The accuracy of a drilled hole is influenced by several factors, including hole diameter, position accuracy, coaxiality, roundness, surface roughness, and the presence of burrs. Key factors that affect the accuracy of the processed hole during drilling include:


- Drill clamping accuracy and cutting conditions, such as the tool holder, cutting speed, feed rate, and use of cutting fluid.

- The size and shape of the drill, which includes drill length, blade shape, and drill core shape.

- The characteristics of the workpiece, such as the shape of the hole sides, the overall hole shape, thickness, and how the quoting machined parts is clamped.


Hole expansion

Hole expansion occurs due to the swing of the drill bit during operation. The stability of the tool holder significantly affects both the diameter of the hole and its positioning accuracy. Therefore, if the tool holder is substantially worn, it should be replaced promptly.


When drilling small holes, measuring and adjusting the swing can be challenging, so it is advisable to use a coarse shank small-diameter drill that maintains good coaxiality between the blade and the shank.
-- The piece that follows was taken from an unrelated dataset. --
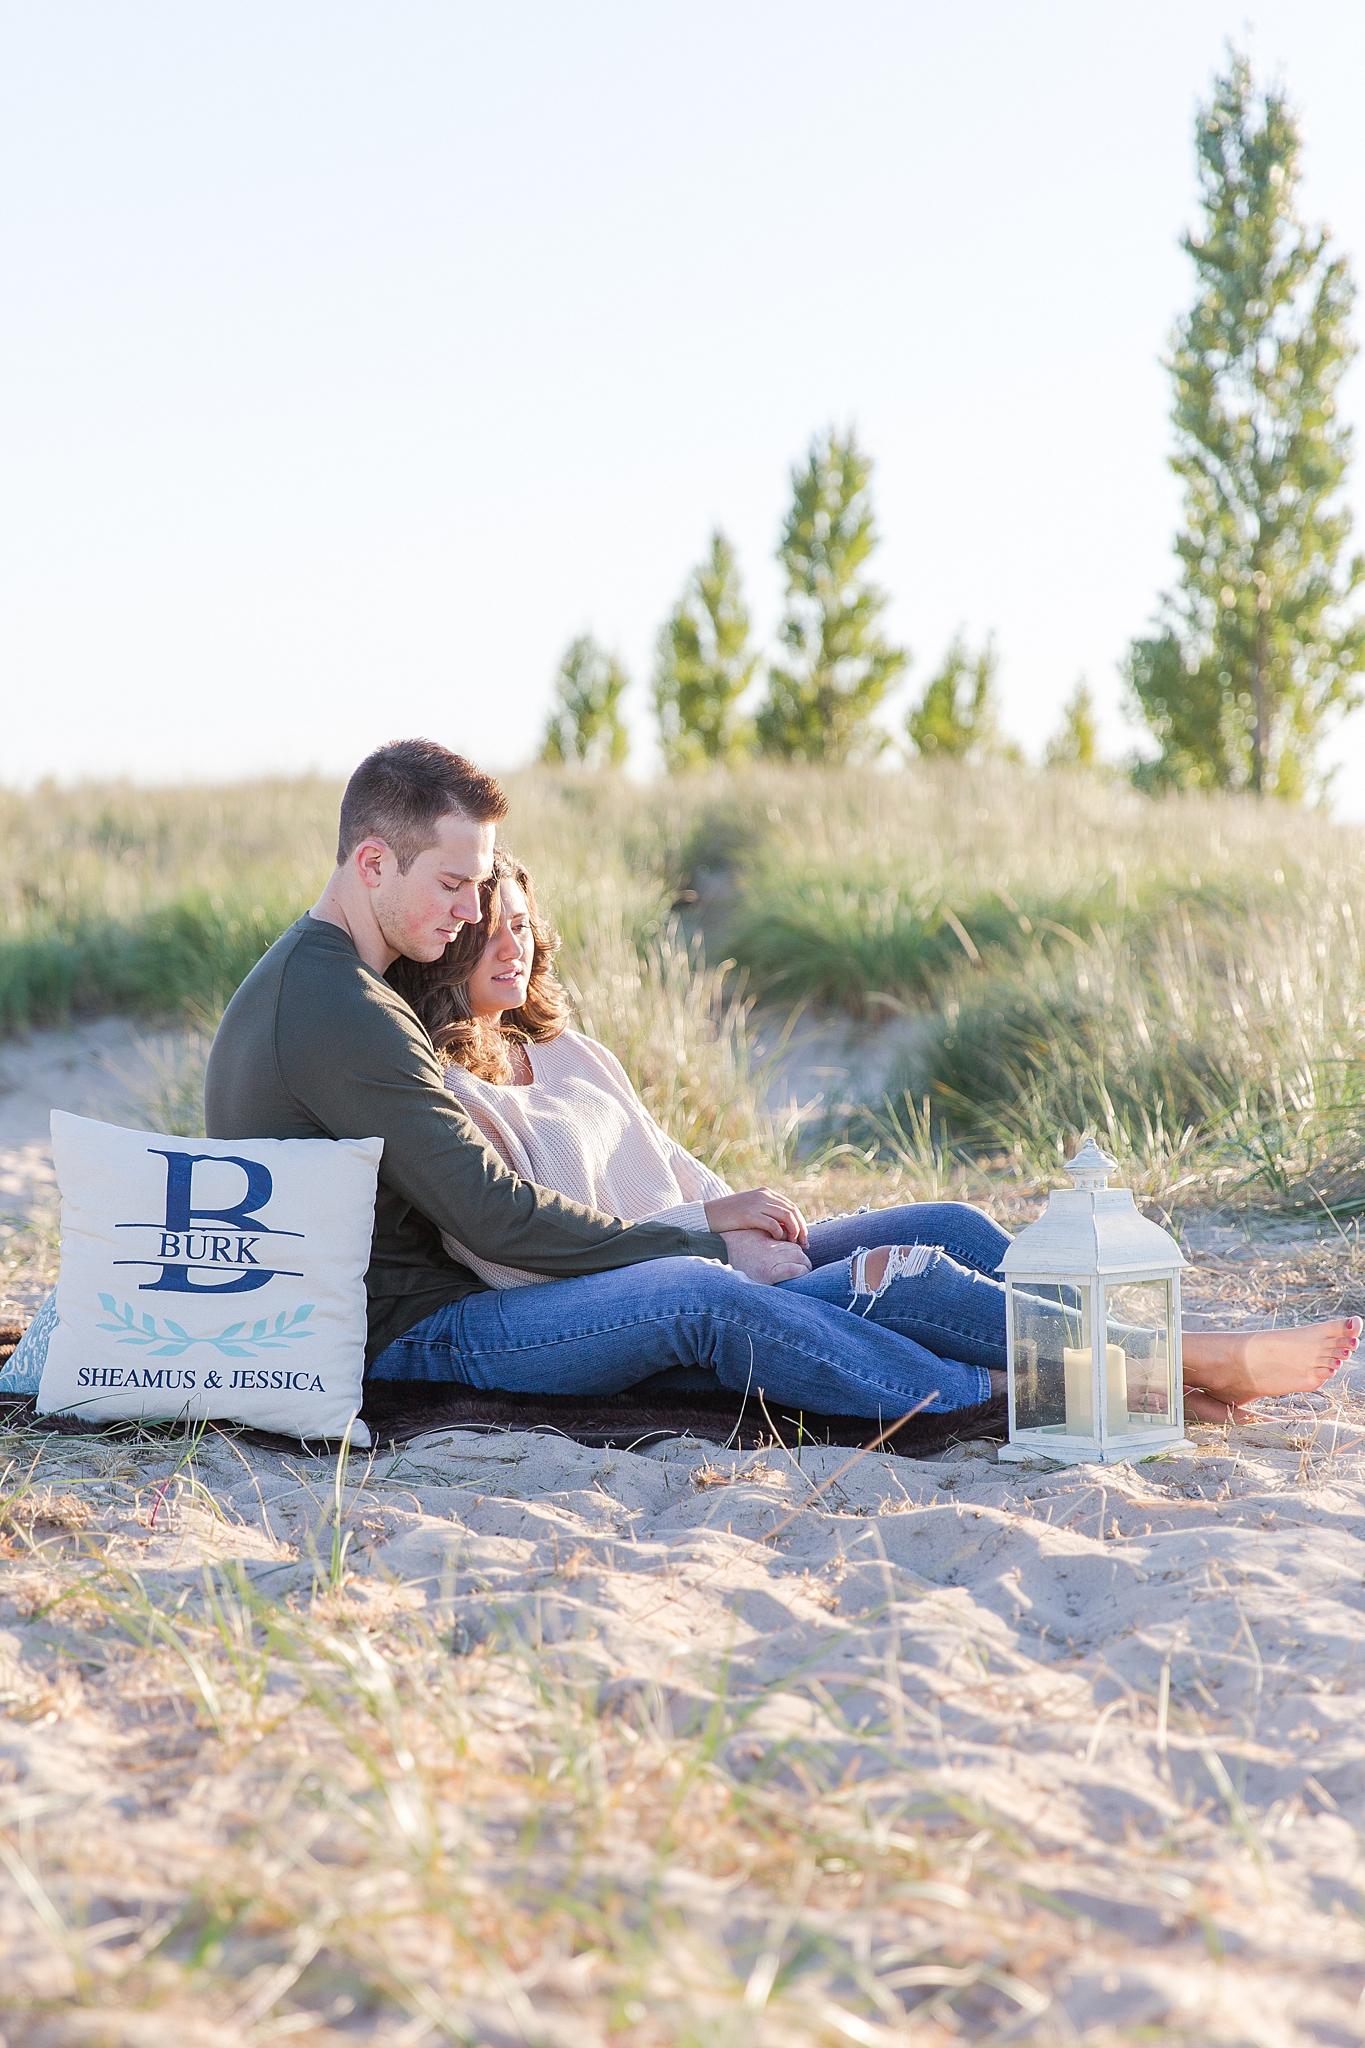 romantic--summer-beach-engagement-photography-in-st-joseph-mi-by-courtney-carolyn-photography_0023.jpg
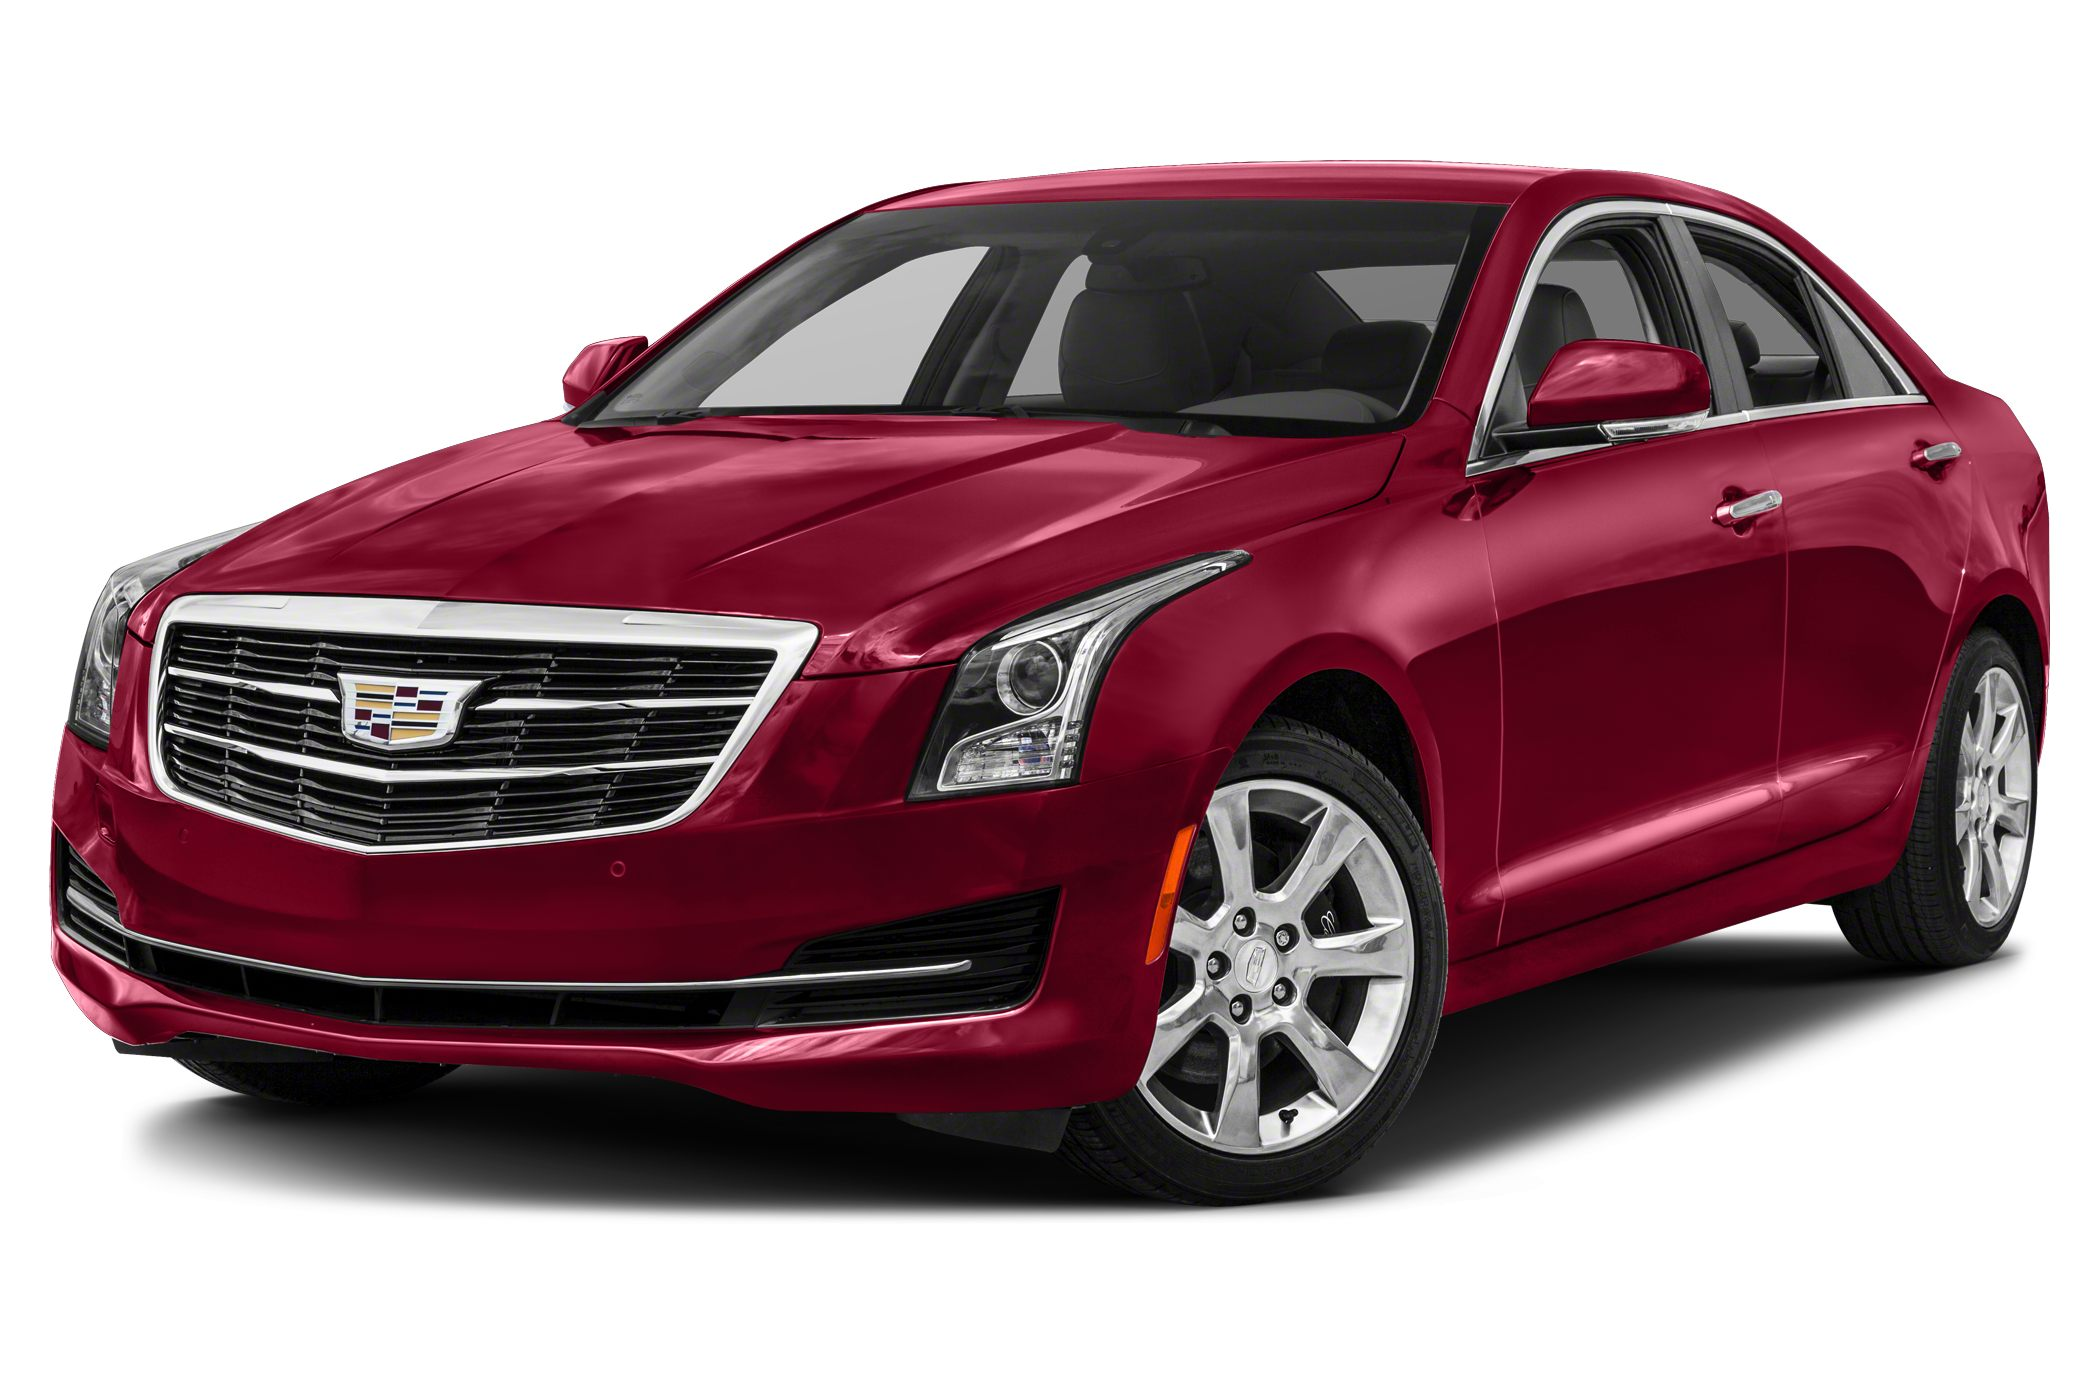 2016 Cadillac Ats 3 6l Luxury

Additionally, when using a re-ground drill bit, a decline in hole accuracy is often attributed to the asymmetric shape of the back of the bit. By controlling the height difference of the blade, you can effectively minimize the amount of hole cutting and expansion.


Hole roundness

The vibration of the drill bit can cause the drilled hole to become polygonal, often resulting in rifling lines appearing on the hole wall. Common shapes of these polygonal holes are triangular or pentagonal. Triangular holes occur because the drill bit has two rotation centers during drilling, which vibrate at a frequency of 600 revolutions per minute. This vibration primarily results from unbalanced cutting resistance. As the drill bit makes one full rotation, the roundness of the hole is compromised, leading to unbalanced resistance during the subsequent rotation. This cycle repeats, but with a slight phase shift in the vibration, which creates rifling lines on the wall of the hole.


Once the drilling depth reaches a certain level, the friction between the drill bit's edge and the hole wall increases, causing the vibration to diminish, the rifling to disappear, and the roundness to improve. At this stage, the shape of the hole resembles a funnel when viewed in longitudinal section. Similar phenomena can cause pentagonal and heptagonal holes during the cutting process.


To eliminate these issues, it is essential to control various factors such as chuck vibration, differences in cutting edge height, asymmetry of the back face, and blade shape. Additionally, steps should be taken to enhance the drill bit's rigidity, increase the feed per revolution, reduce the back angle, and properly grind the chisel edge.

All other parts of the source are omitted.